6 thoughts on “5 Things I’ve Learned About Breastfeeding in the First Four Months

  1. I’m with you on every point except number 3. Been lucky enough to have a 100% problem free breastfeeding experience (good karma for suffering from a shitty pregnancy lol).
    I never knew breastfeeding would come so naturally to me. I thought I’d last a few months max and would probably supplement with formula.
    I had so much milk (would sometimes have to pump and dump from leaking like crazy) and my son never took a bottle (of my own milk).
    He turns 3 next Sunday and here we are, still nursing. I’m currently pregnant with n°2 and lost my milk supply in November but we still share those bonding moments that are so precious to the both of us.
    Starting all over again from scratch is a bit daunting I must say as I miss having my body to myself at times (been either pregnant or nursing non stop for close to 4 years!) but still cherish the experience and would do it all over again in a heartbeat.

    I totally agree that women focus more on the delivery wich just lasts a few hours.

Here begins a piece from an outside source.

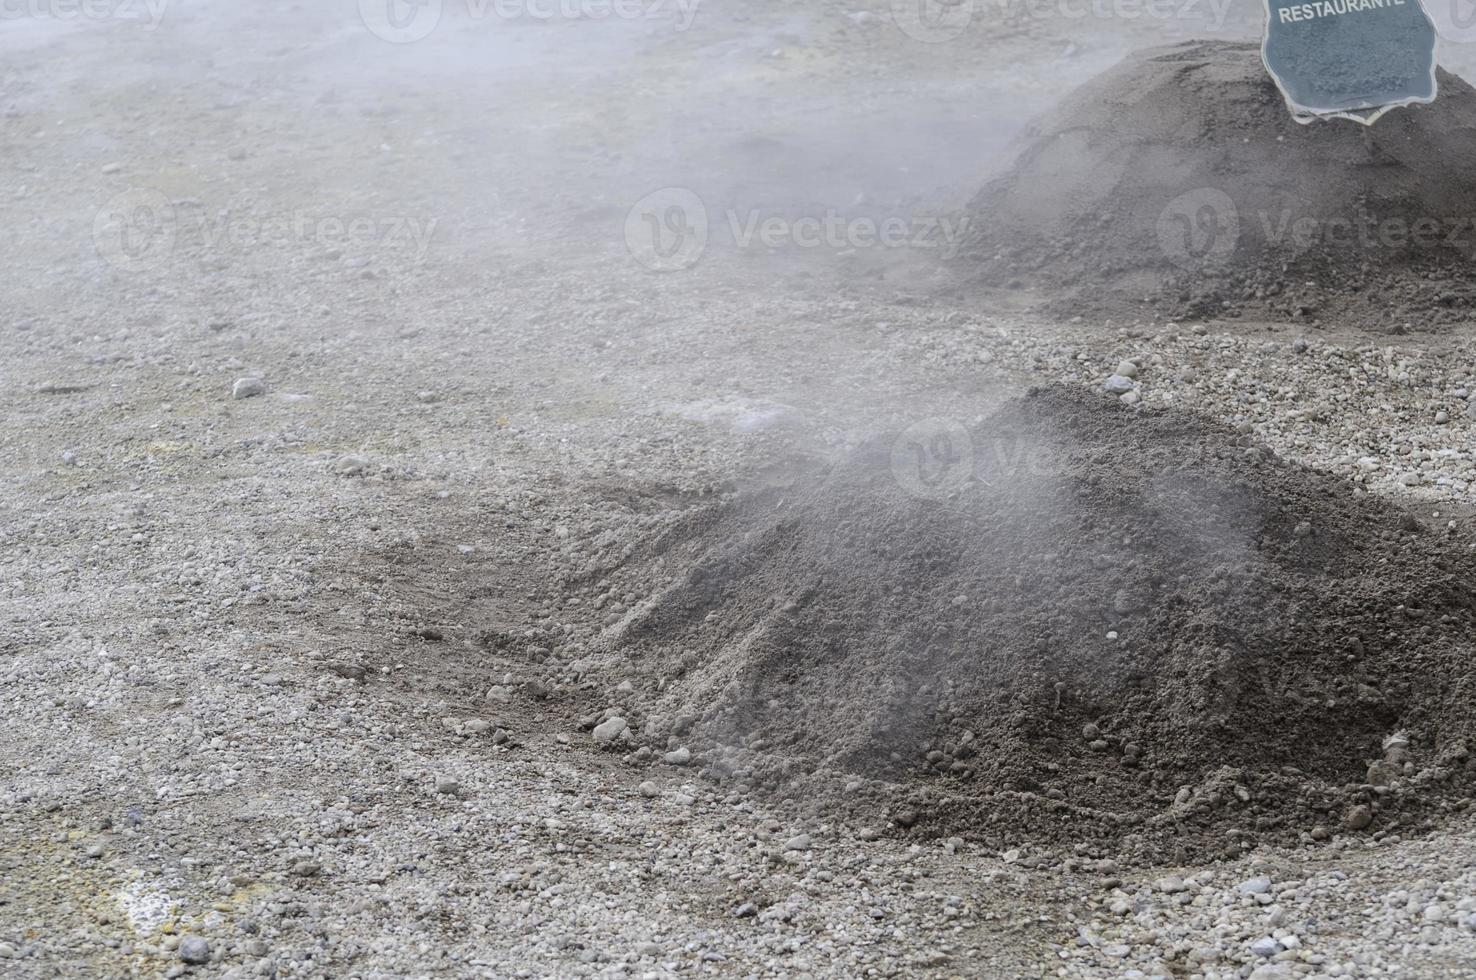 cucina vulcanica foto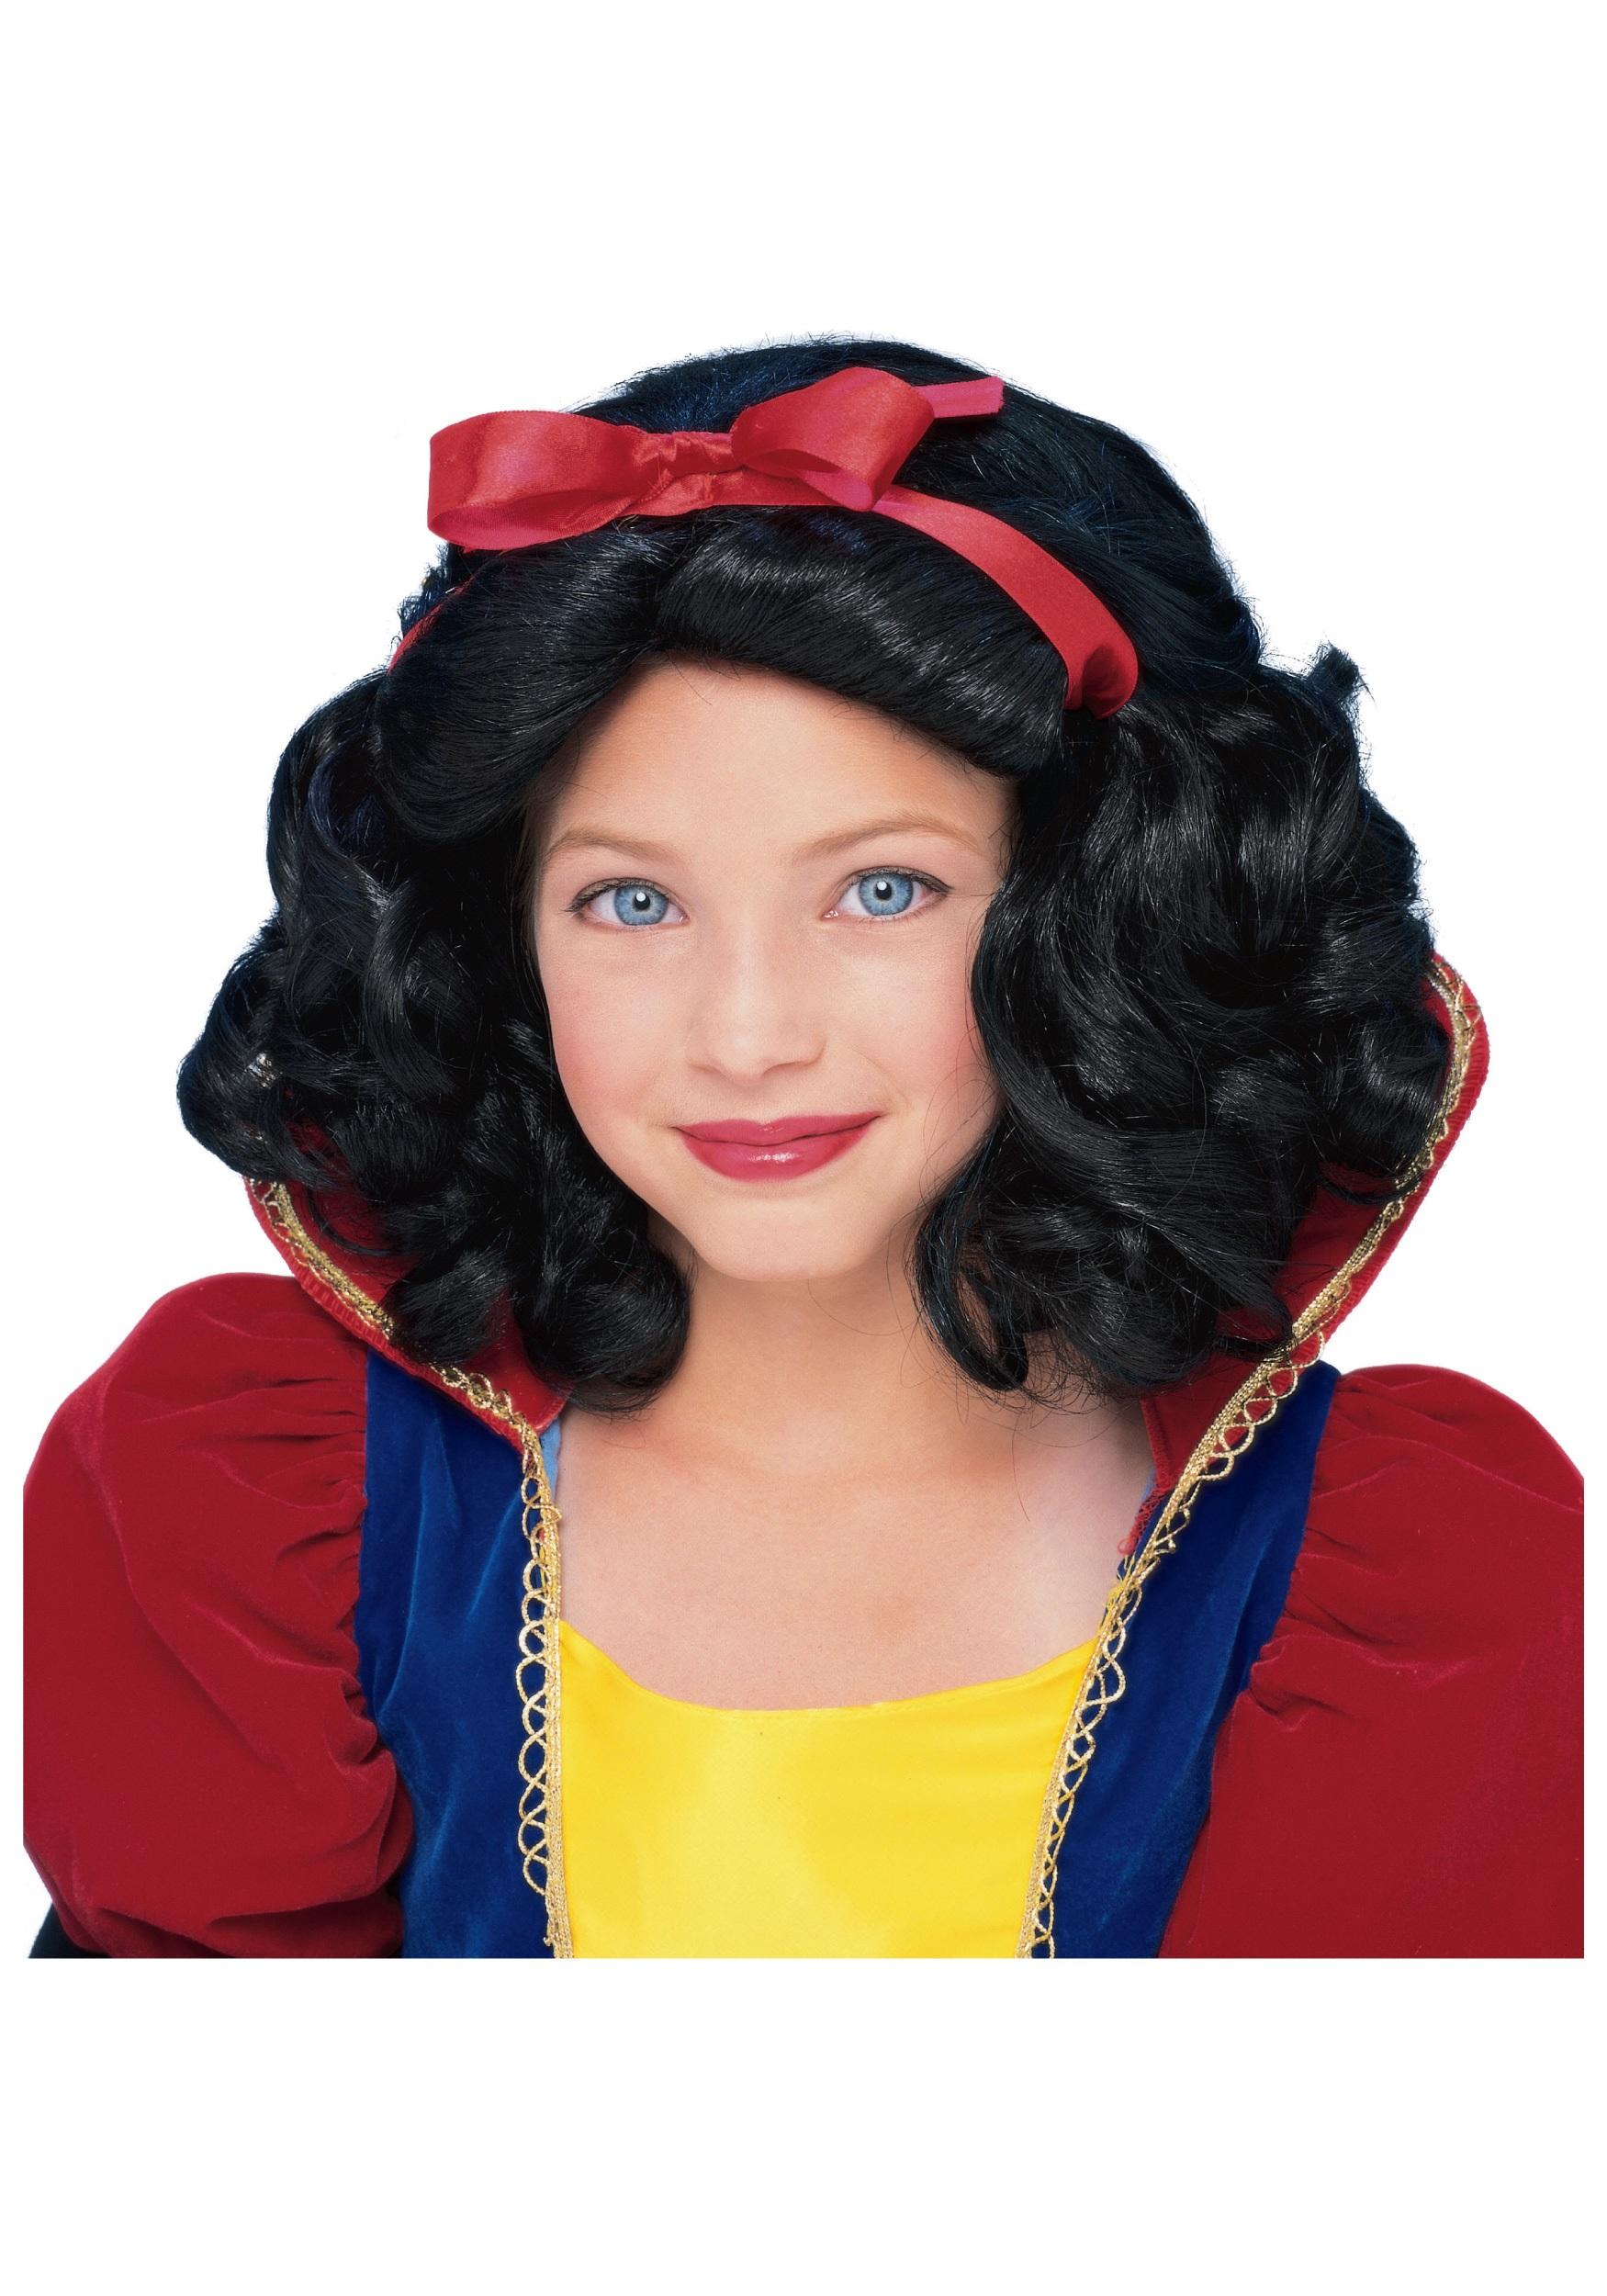 Kid Snow White Wig 52

The worst part comes after! I was never warned the recovery process which is long and painful.
    Most women think it’s normal to struggle with the delivery but not breastfeeding and give up quickly. We definitely aren’t prepared enough and it’s a shame because nothing comes close to that experience. We self sufficiently grow a human outside of our bodies! Now that’s a kick ass superpower!


    1. Thanks for this Caroline! It’s good to know that your experience came without issues! It gives me hope for our baby #2 when it comes! Amazing you are still nursing after almost 4 years! I know several people who are doing that as well and I really admire them. I’m not sure what’s in the cards for Asahi and I but I feel like there will come a time when it feels natural to wean. I hope more women will feel empowered to plan to breastfeed and also supported to continue breastfeeding once their baby is born. It seems like it’s becoming more normalized and accepted (and sometimes pushed a little too hard in my opinion) so hopefully more women will choose to do it!


      1. It was never my intention to breastfeed for so long. For me it’s a two person relationship that should be out to an end once one of the parties have had enough. My son is finally slowly weaning but he just wasn’t ready at all before. I just never put an end date to it as I was waiting for him to be ready. So yeah, natural weaning doesn’t come at the same time for everyone.

        I agree that sometimes it’s pushed too much and some people guilt other women for not breastfeeding their babies. It’s hard and doesn’t come naturally to everyone. I totally understand that some women don’t even want to try it or just give up for the sake of their mental sanity (as they should).
        Like everything, it’s a personal choice and every woman is free to do what she pleases with her own body without being shamed about it.